Huntly Golf Club committee members David Morrison (left) and Trevor Buckley. Picture: Daniel Forsyth.

The golf course was closed up until six weeks ago. The club bar opened two weeks ago, with a new covered beer garden. The clubhouse is operating a two-metre social distancing policy indoors, rather than the required one metre.

The greenkeeper was taken off furlough after three weeks to keep up maintenance on the well-regarded course.

Mr Buckley added: "It is unfortunate that a lot of clubs will go to the ground – the smaller clubs out in the country that maybe haven't got bar or catering facilities that we have."

It has been all go for hairdresser Cassie McWilliam since reopening on July 15, with her beauty rooms reopening a week later.

Cassie McWilliam, owner of Cassie's hairdressers in Huntly's Bogie Street. Picture: Daniel Forsyth.
Cassie McWilliam, owner of Cassie's hairdressers in Huntly's Bogie Street. Picture: Daniel Forsyth.

She has run Cassie's on Bogie Street for nearly nine years, and said lockdown was the perfect opportunity to carry out a shop refurbishment.

She said: "We've been kept going. The appointments book is full until mid-August."

Elizabeth Morrison, who runs the private Huntly Kindergarten on Steven Road, reopened with a new outdoor play area on July 15 after being closed since March 24.

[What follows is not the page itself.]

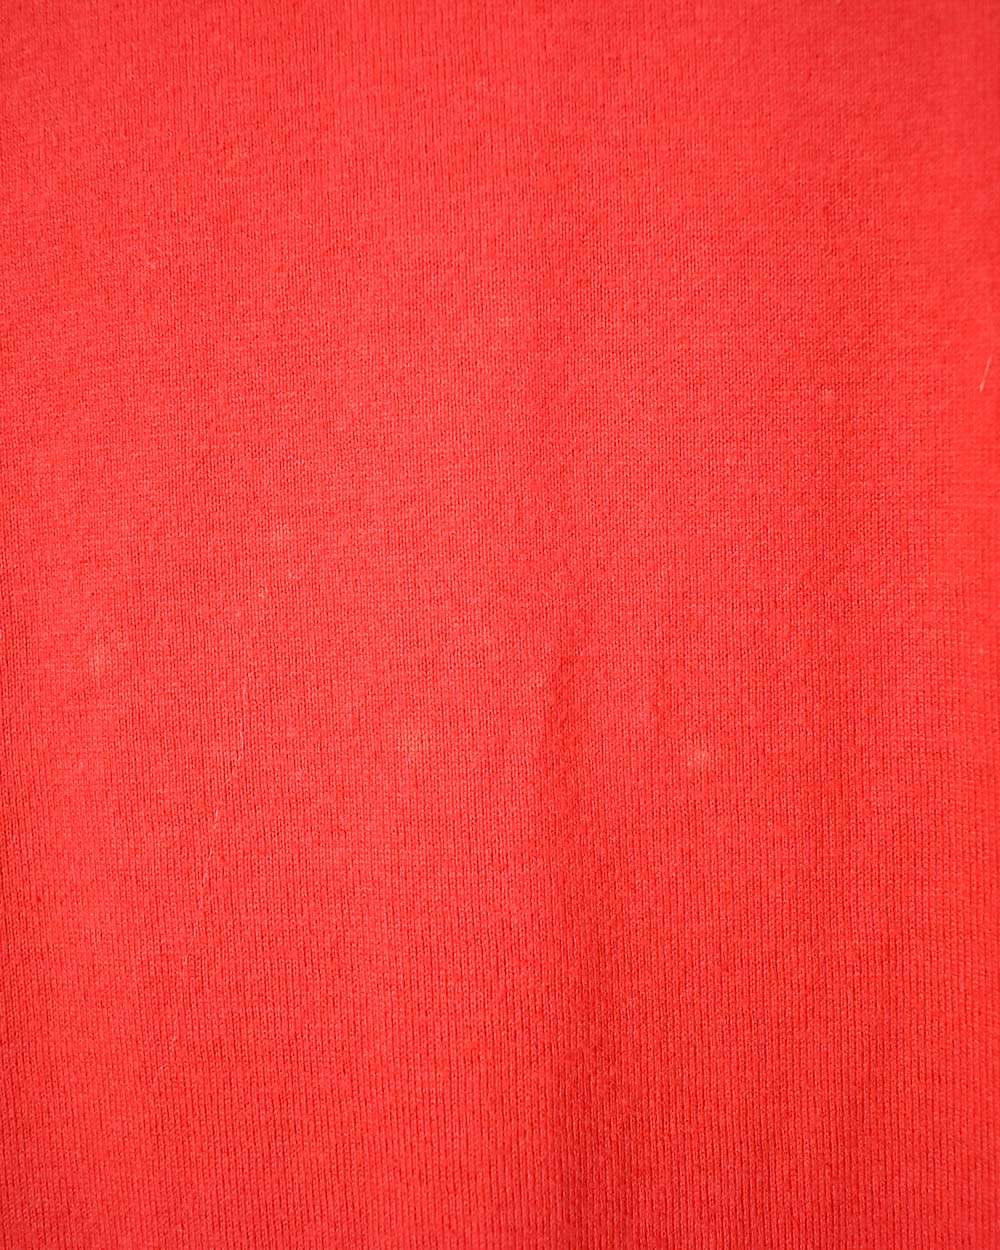 Red Umbro England 2004/05 Training T-Shirt - X-Large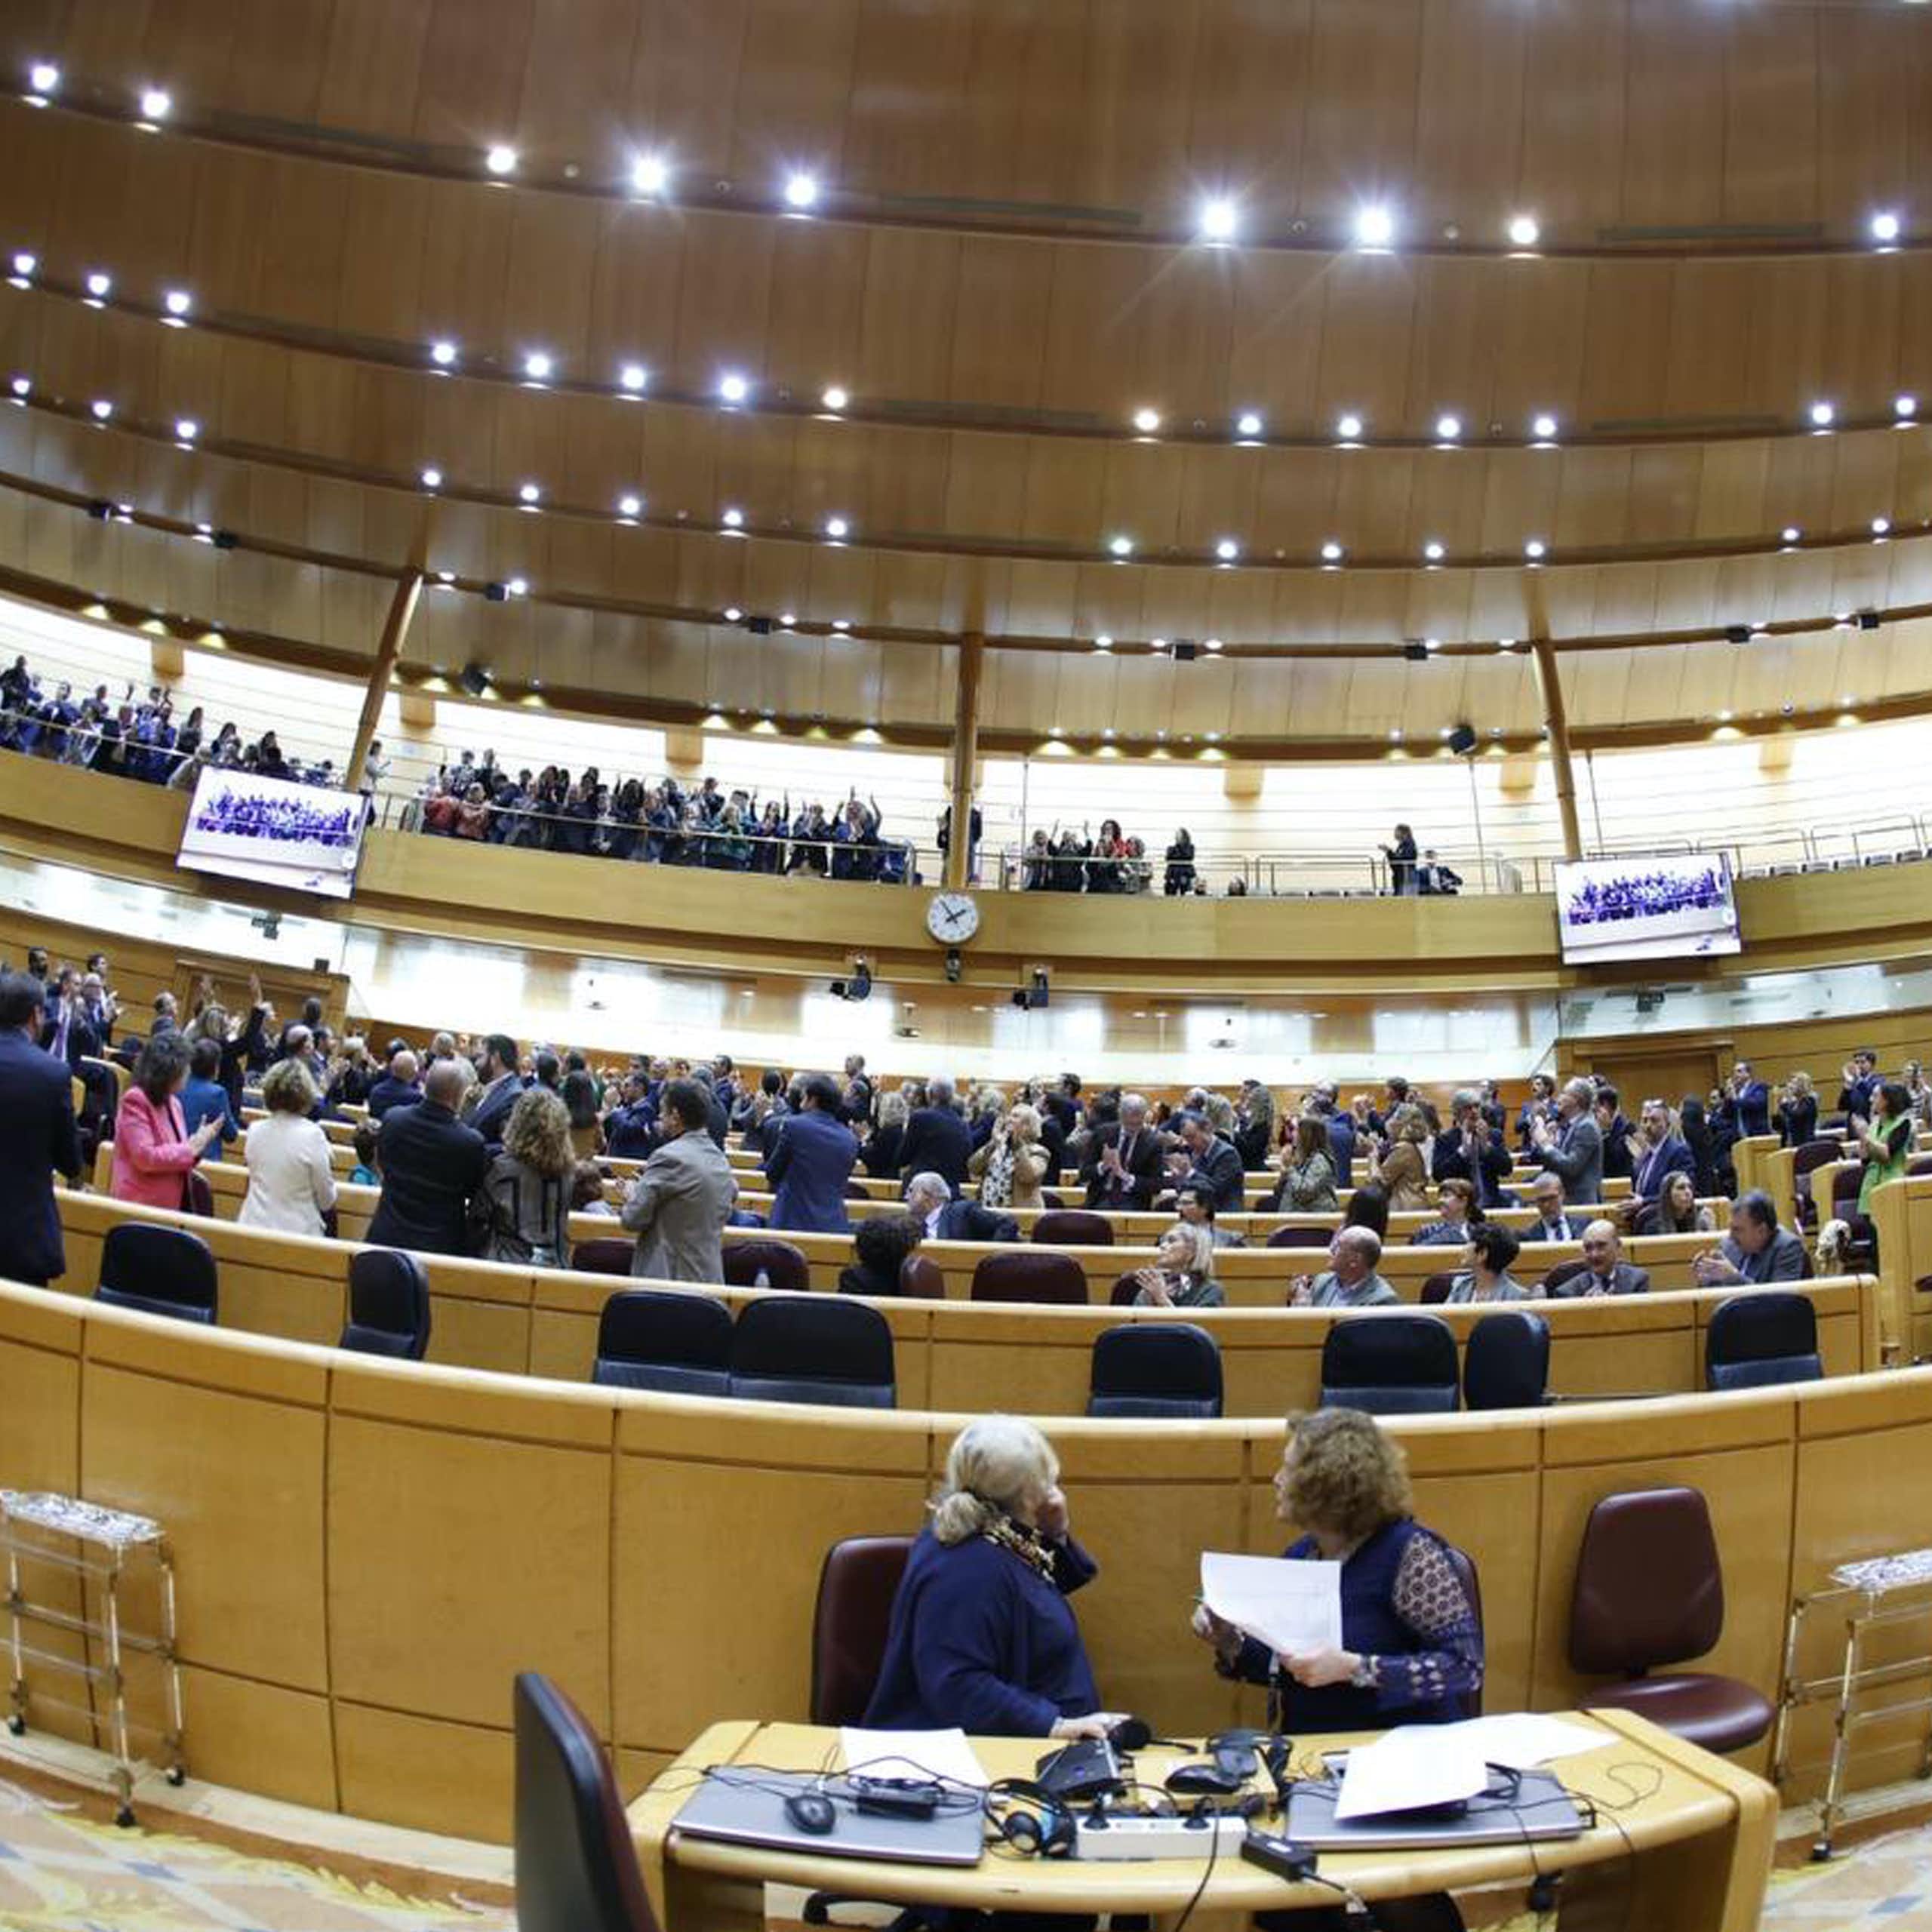 Los diputados e invitados en las tribunas del Congreso de los Diputados.

The nursery is registered for 50 children and normally provides before and after-school care. At the moment it looks after between 12 to 15 children a day, operating at reduced capacity to keep children in bubbles. It is open 8am-5.30pm, four days a week.

Mrs Morrison said: "The children were so excited to get back. One wee one fell and skinned her knees running getting into the place, she was so excited.

"There was a lot of hard work in the background to get reopened – a lot of risk assessments.

"We are hoping that by the beginning of August we can increase our capacity and hours."

She added: "But going forward, we can't expect everyone to work from home. The out-of-school care has to be there.

"There's a lot to be juggled in the next few weeks and it's being left to the wire."